Rock musicians are famous for canceling interviews when they have even the slightest of sniffles. But when we call Alice Cooper, he has fresh stitches in his mouth -- and he’s still ready to talk. “I have just had oral surgery this morning, so I’m...okay,” he says with a chuckle. “It was an implant that came loose so they had to go in and do some stitching...but it’s fine. I’m not in a bad mood.”
That he's willing to chat with us about his legacy the afternoon after he’s gone under the knife is a testament to how much Alice Cooper lives and dies by one rule: the show must go on. Since he invented shock rock fifty years ago in a flurry of gore and feathers at a Toronto music festival (we'll get to that), the Motor City maniac has made our ghoulish entertainment his life’s work, chopping off his head night after night in the hopes of keeping our eyes glued to the stage.

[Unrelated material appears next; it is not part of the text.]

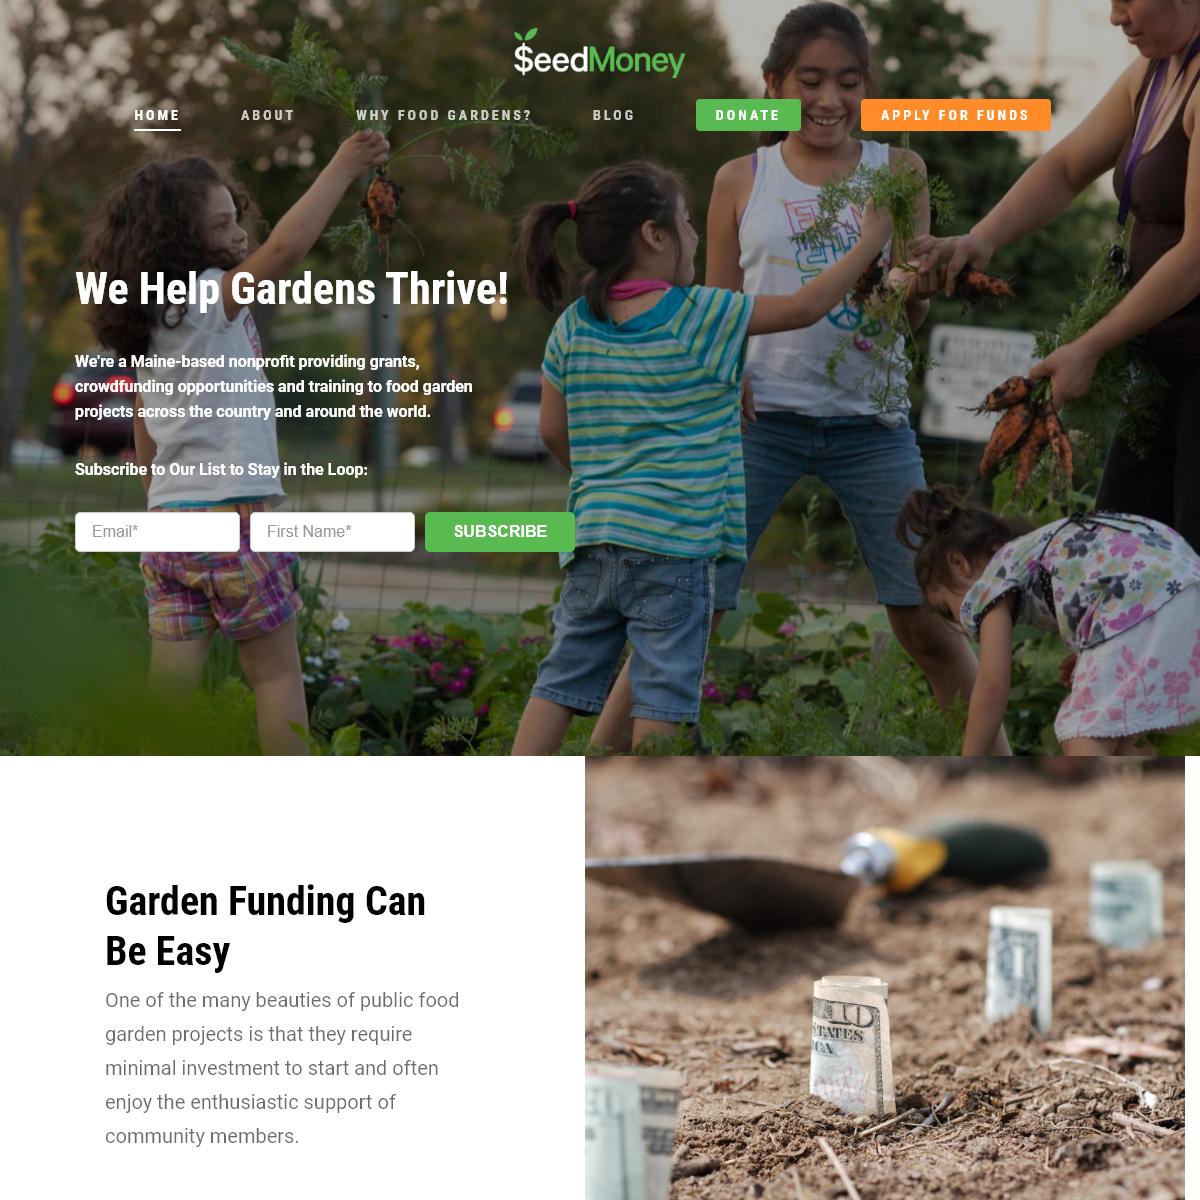 Garden Grants and Crowdfunding- SeedMoney Can Help You Grow!

Now, with 27 studio albums, thousands of live shows, and an ocean’s worth of fake blood under his wheels, rock and roll’s ultimate ringmaster shows no sign of stopping, having just announced a 50th anniversary tour of the UK with openers MC50 and The Stranglers. And while those acts might seem a little down-to-earth compared to Alice Cooper's elaborate theatrical production, Alice says that’s just the way he likes it.
“It’s funny, because we don’t really put shows together that are shock rock,” he says. “We did a tour with Rob Zombie, and a tour with Manson, but generally we go out with bands like Iron Maiden, Mötley Crüe...we recently talked about going out with Peter Frampton! It’s kind of classic rock to us. I’d personally rather have a straighter rock band in front of us.

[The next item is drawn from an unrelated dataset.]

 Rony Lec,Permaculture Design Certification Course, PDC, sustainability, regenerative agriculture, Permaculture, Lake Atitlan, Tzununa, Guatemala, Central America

“If it all screams,” says Alice, “nothing screams.”
You’ve said that you’re bringing a new live show out on the road this year, and it’s still in its early stages. Does that ever involve having to tone down your setlist, to make room for the theatrical production?
Well, we’ve always looked at it as, you need a great opening, and you have to give them the hits. And we’ve come into a formula now where I do a thing in the middle, a Halo Of Flies or Dirty Diamonds, where the band can show off. I probably have the best touring band out there -- our drummer, Glen Sobel, was voted by Drumming Magazine as best rock drummer; Nita Strauss was voted Best Female Guitarist by Guitar World -- so I need to show them off a bit. And while they’re doing that, that’s when I get ready for the theatrical parts of the show. And the next time they see Alice, THAT’S when they get the theatrical part.
Right now, it’s about taking those songs and milking them. And we want them to see an opening they haven’t seen. They know they’re going to get School's Out, and Poison, and Eighteen, and Billion Dollar Babies -- I’d be disappointed if I saw the Stones and they didn’t play Satisfaction and Brown Sugar. We’ll give ‘em the hits, it’s just how you package the hits now. For me, this, when we get into rehearsals, this is the most fun part of the show.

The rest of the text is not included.